The Claiborne County Relay for Life event last Friday was a great success, raising a total of $137,231.13 to benefit the American Cancer Society. Claiborne County has now surpassed $1,000,000 in giving since Relay for Life began in the county. LMU once agian played a big role in the event acting as corporate sponsor. Additionally, three LMU administrators were a partof the leadership team, the LMU community was represented by three teams and Railsplitter Athletes volunteered with everything from logistics to clean-up.
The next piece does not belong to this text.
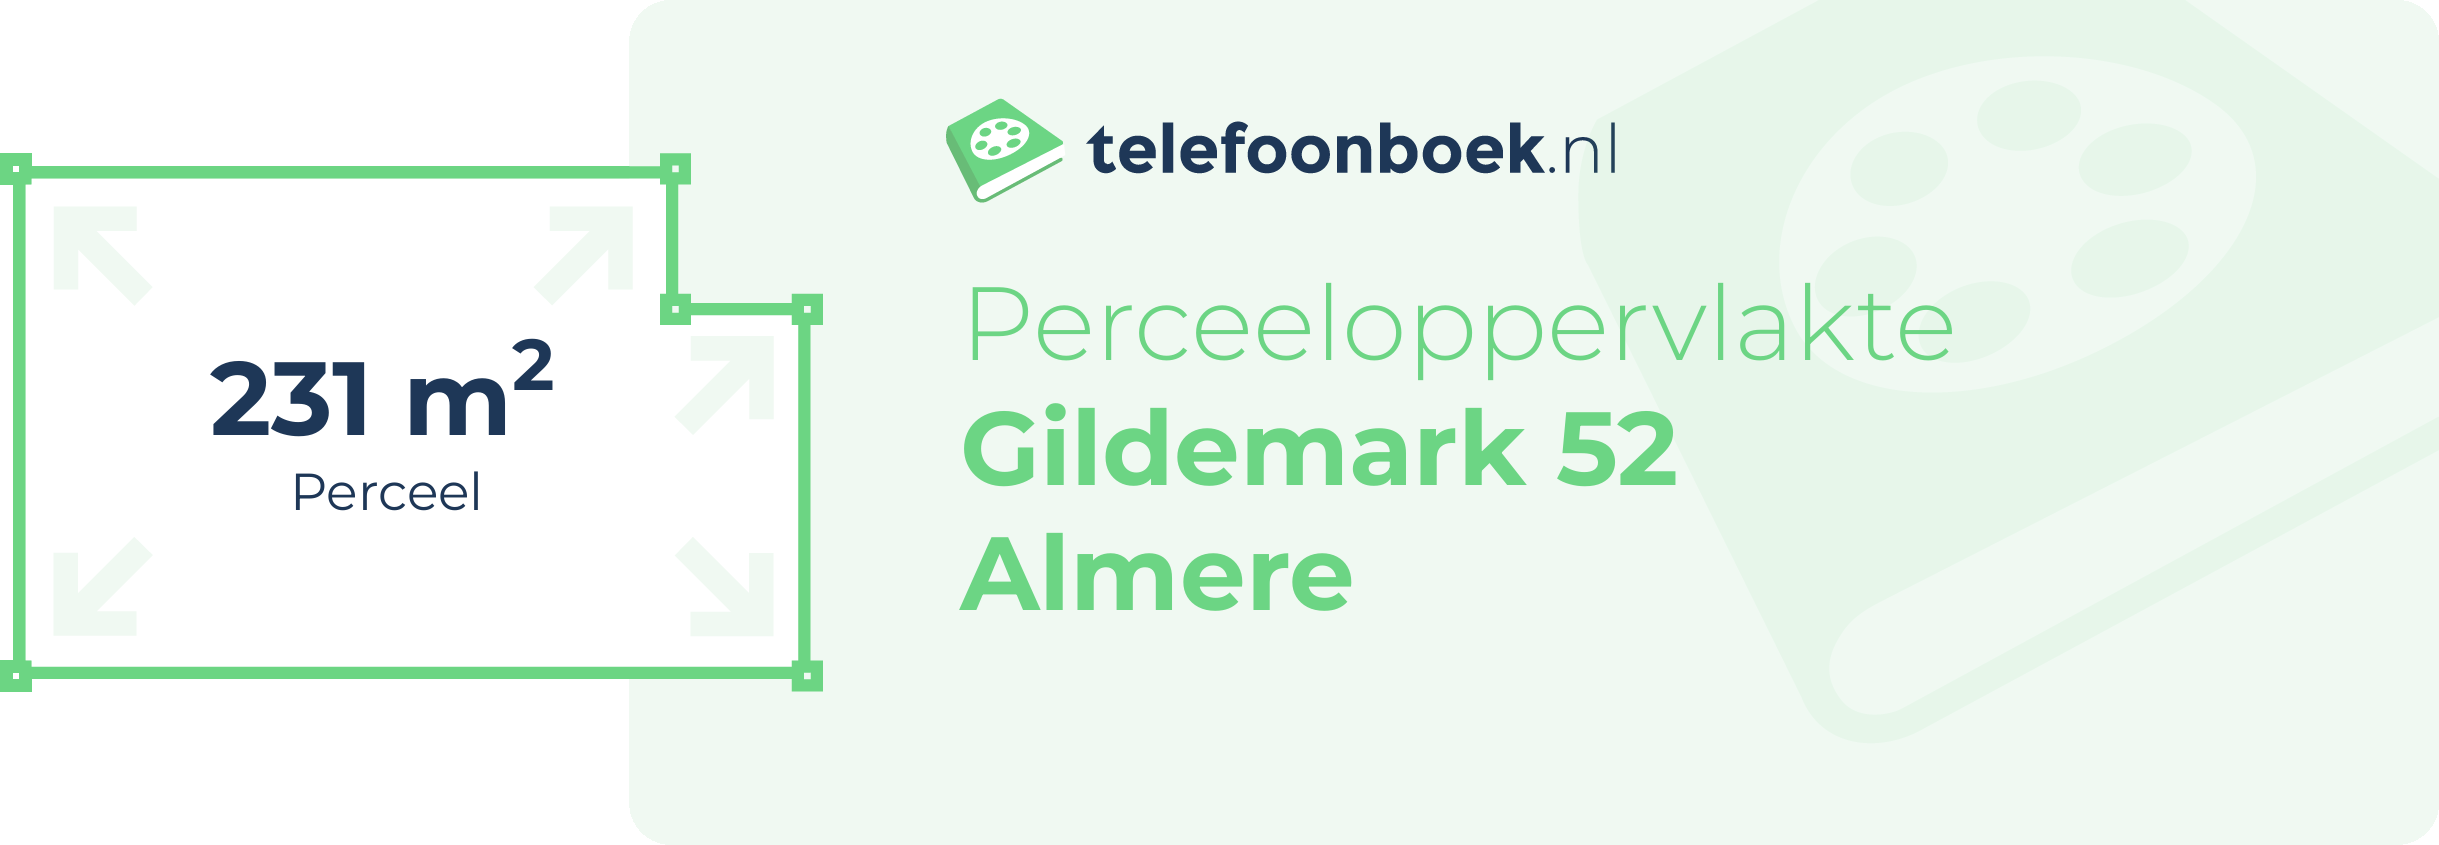 Perceeloppervlakte Gildemark 52 Almere

The LMU faculty, staff and student team, The Relay Railsplitters, raised $5,481.44 for the cause.The J. Frank White Academy used the theme "The Cure is Up There."The LMU-DeBusk College of Osteopathic Medicine team raised $1,346.44.

Why do we Relay?

20 Jul

In a little over a month thousands will gather at the Harrogate City Park, circling the field for 24 hours. Because cancer never sleeps, neither will we.

The Claiborne County Relay for Life, set for August 26, is the culmination of a year’s worth of fundraising for most teams. It’s a time where we, as a community, reflect on how cancer has touched our lives. It gives us a chance to celebrate our survivors, memorialize our loved ones who have lost their battles with the disease and raise funds to further the fight. It is a time when the question “why do you Relay” is asked repeatedly. 
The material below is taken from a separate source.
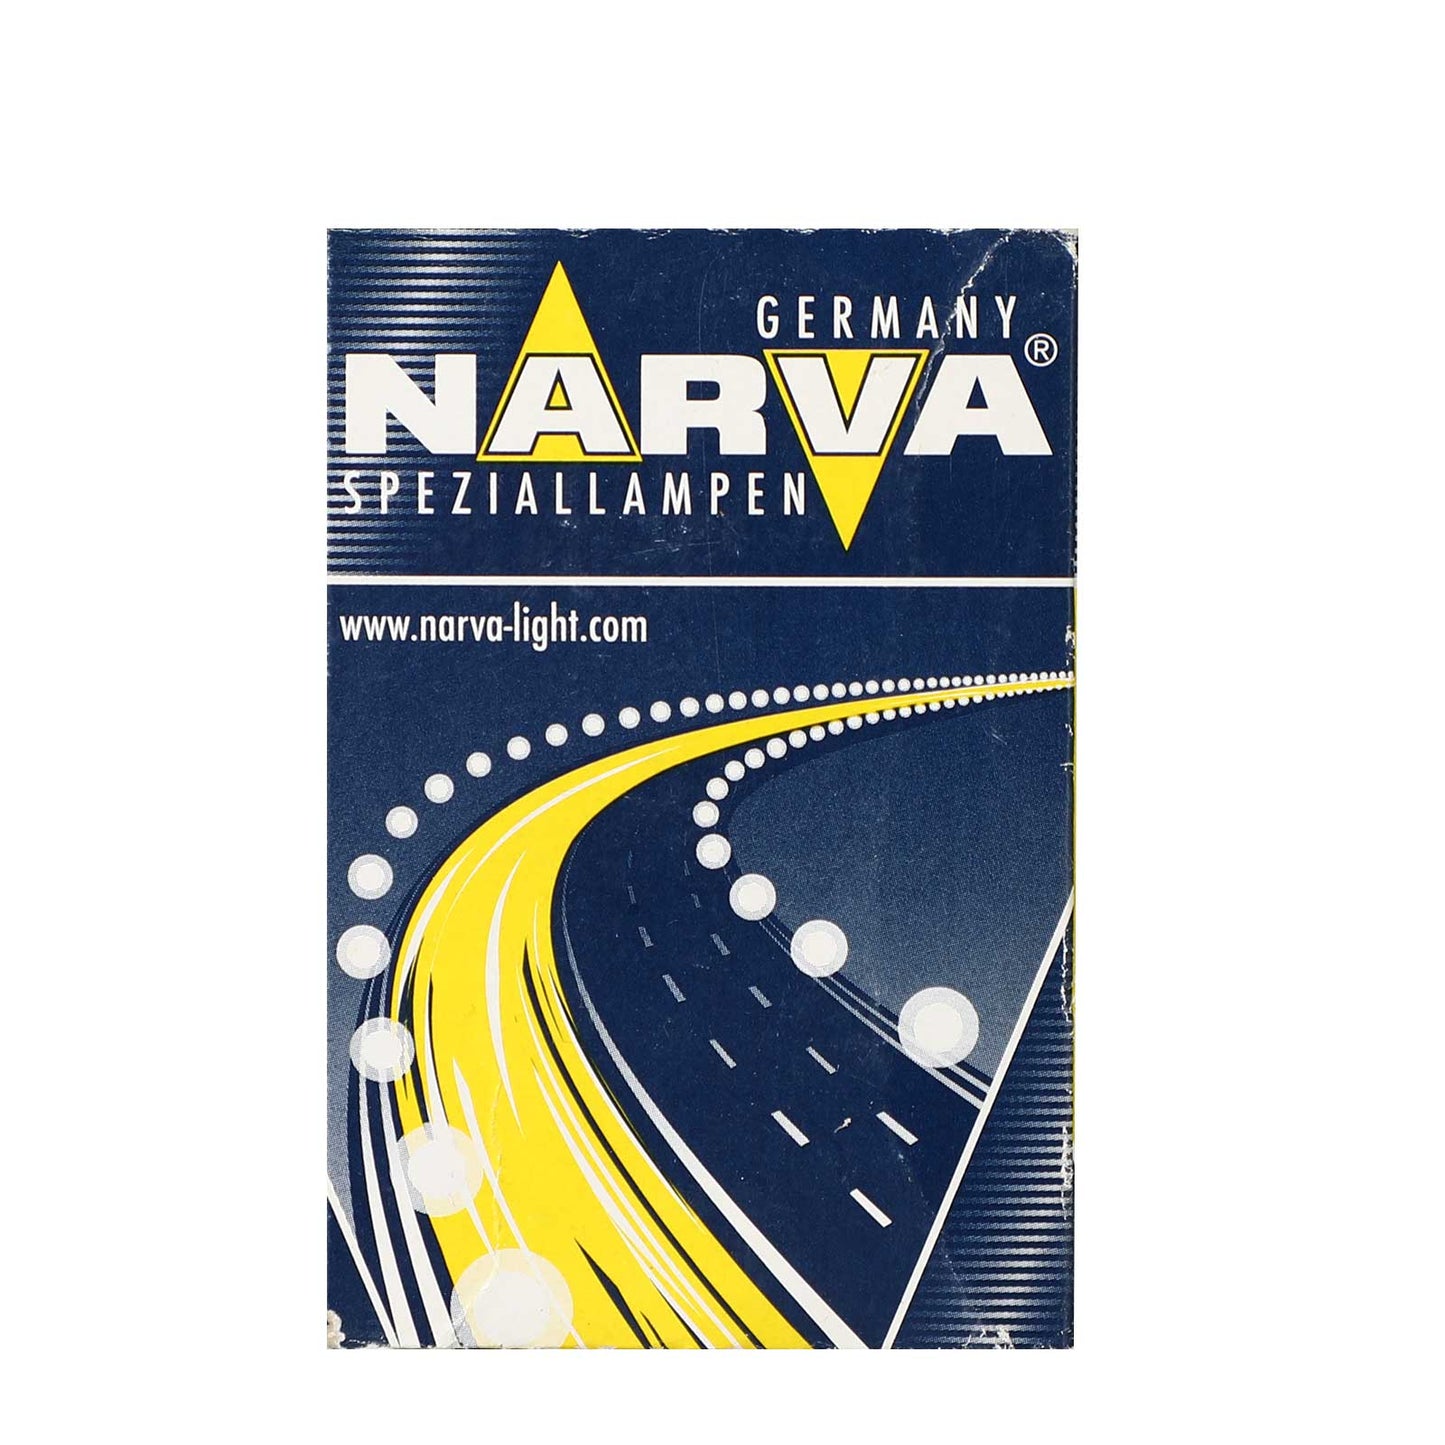 9006/HB4 For NARVA 48026 Halogen Car Headlight Lamp 12V70W P22d

You’d be hard pressed to find someone on the LMU campus whose life hadn’t been touched by the disease. In the last year alone, cancer has claimed two of our own faculty members and a handful in our community remain locked in battle with the deadly disease. It’s the reason Lincoln Memorial University has chosen the American Cancer Society as one of the few causes it supports annually.
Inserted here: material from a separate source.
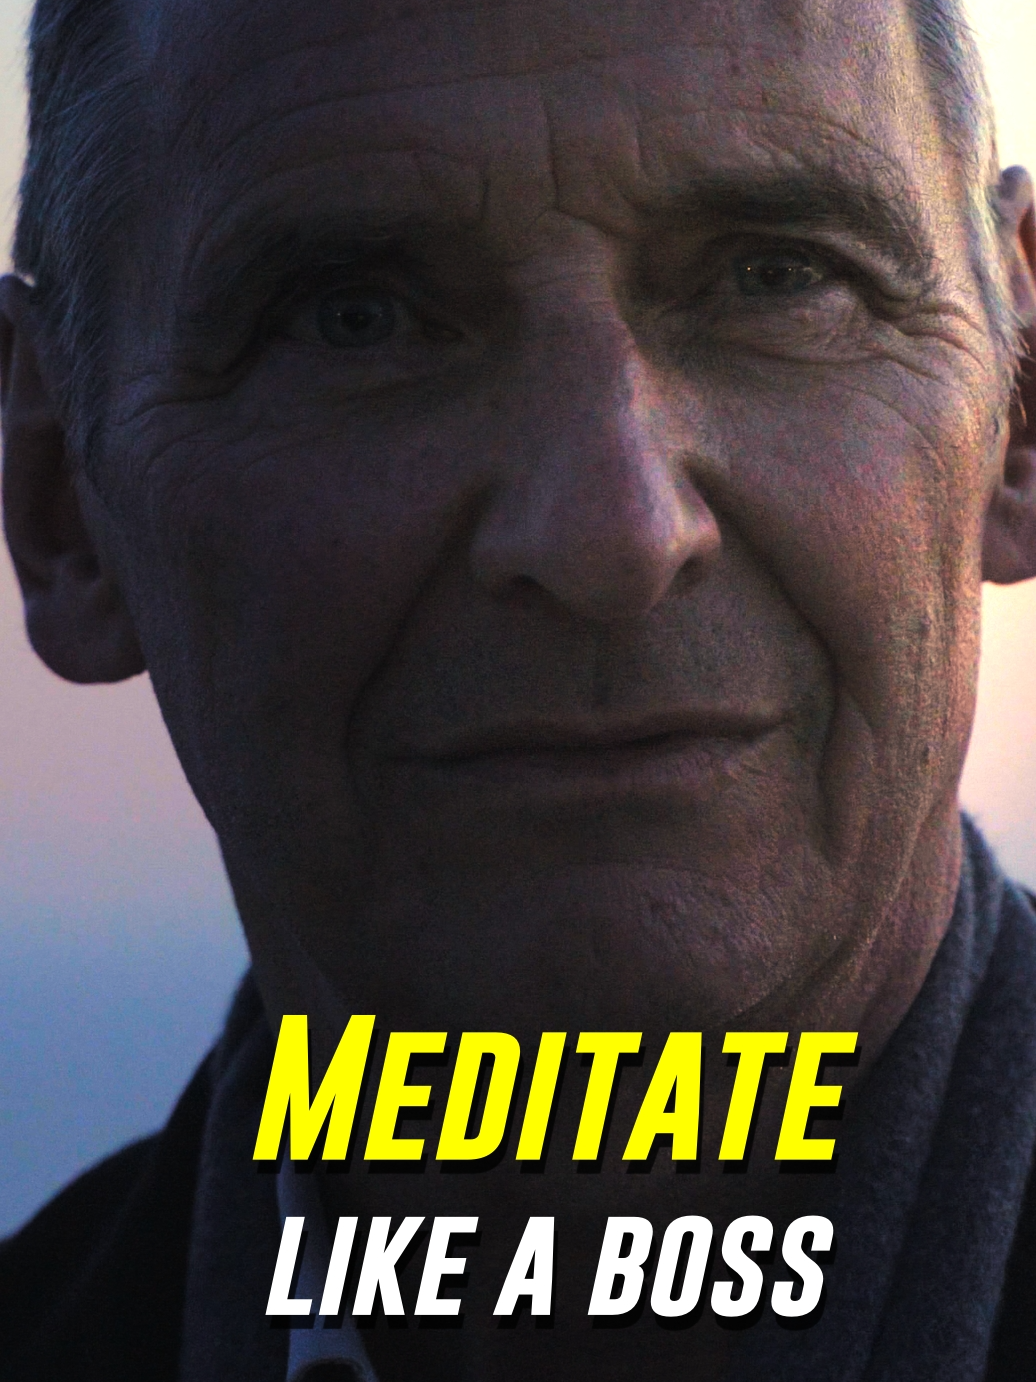 Meditation Technique for Successful People #russianmafiaboss #grimhustle #lifeadvice #meditation #capemontenegro

Judy Edds. She was a lot of things in her brave life. Wife, mother, daughter, sister, friend, mentor, colleague, instructor, caretaker and nurse. In her career as a nurse she comforted the sick, mended the broken and was compassionate to all her patients. For her students, she was a great teacher who was always available for extra help. For those of us who were lucky enough to work alongside of her, she was a beacon of courage. Her passion for LMU and her students helped her fight the disease for years, yes years. She was in front of a classroom teaching less than a month before she ultimately lost her heroic battle. A battle she waged on many fronts. She visited Vanderbilt shortly before her death looking for hope in new treatments. In the end her body wasn’t as strong as her spirit, however her legacy lives on in the cherished memories we have and the bright students she taught. Why do we Relay? We Relay for Judy.

 

Wayne Wells. Looking through the lens of video camera, Wayne told stories every day. Standing in front of a classroom he gave his students the tools they needed to tell their own stories. He gave them the vision to see things from every angle and find the most interesting view to show. Wayne spent years honing his craft at LMU’s Sigmon Communications Center where he served as operations director. A call to teach sent him back to the classroom himself, as he earned graduate degrees that would qualify him to join the faculty. He was relatively new to the faculty when cancer struck, yet had already moved up to department head of the Broadcast Communications program. Like Judy, Wayne fought with all his might and continued to be dedicated to his students. He was a champion for his pupils, pushing them to take internships and gain experience in the field. He is remembered for his easy smile, sly sense of humor and warm personality. Why do we Relay? We Relay for Wayne.

Besides the University sponsorship of Relay for Life, LMU is always well represented at the event. Usually there are at least two teams from the University community that participate. The faculty, staff and undergraduate student team, The Relay Railsplitters were the first team in Claiborne County to raise over $1,000 this year. The team goal is to eclipse last year’s tally of $5,000. The J. Frank White Academy has traditionally fielded a team as well.

Why do we Relay? We Relay for Judy, Wayne and the entire LMU community.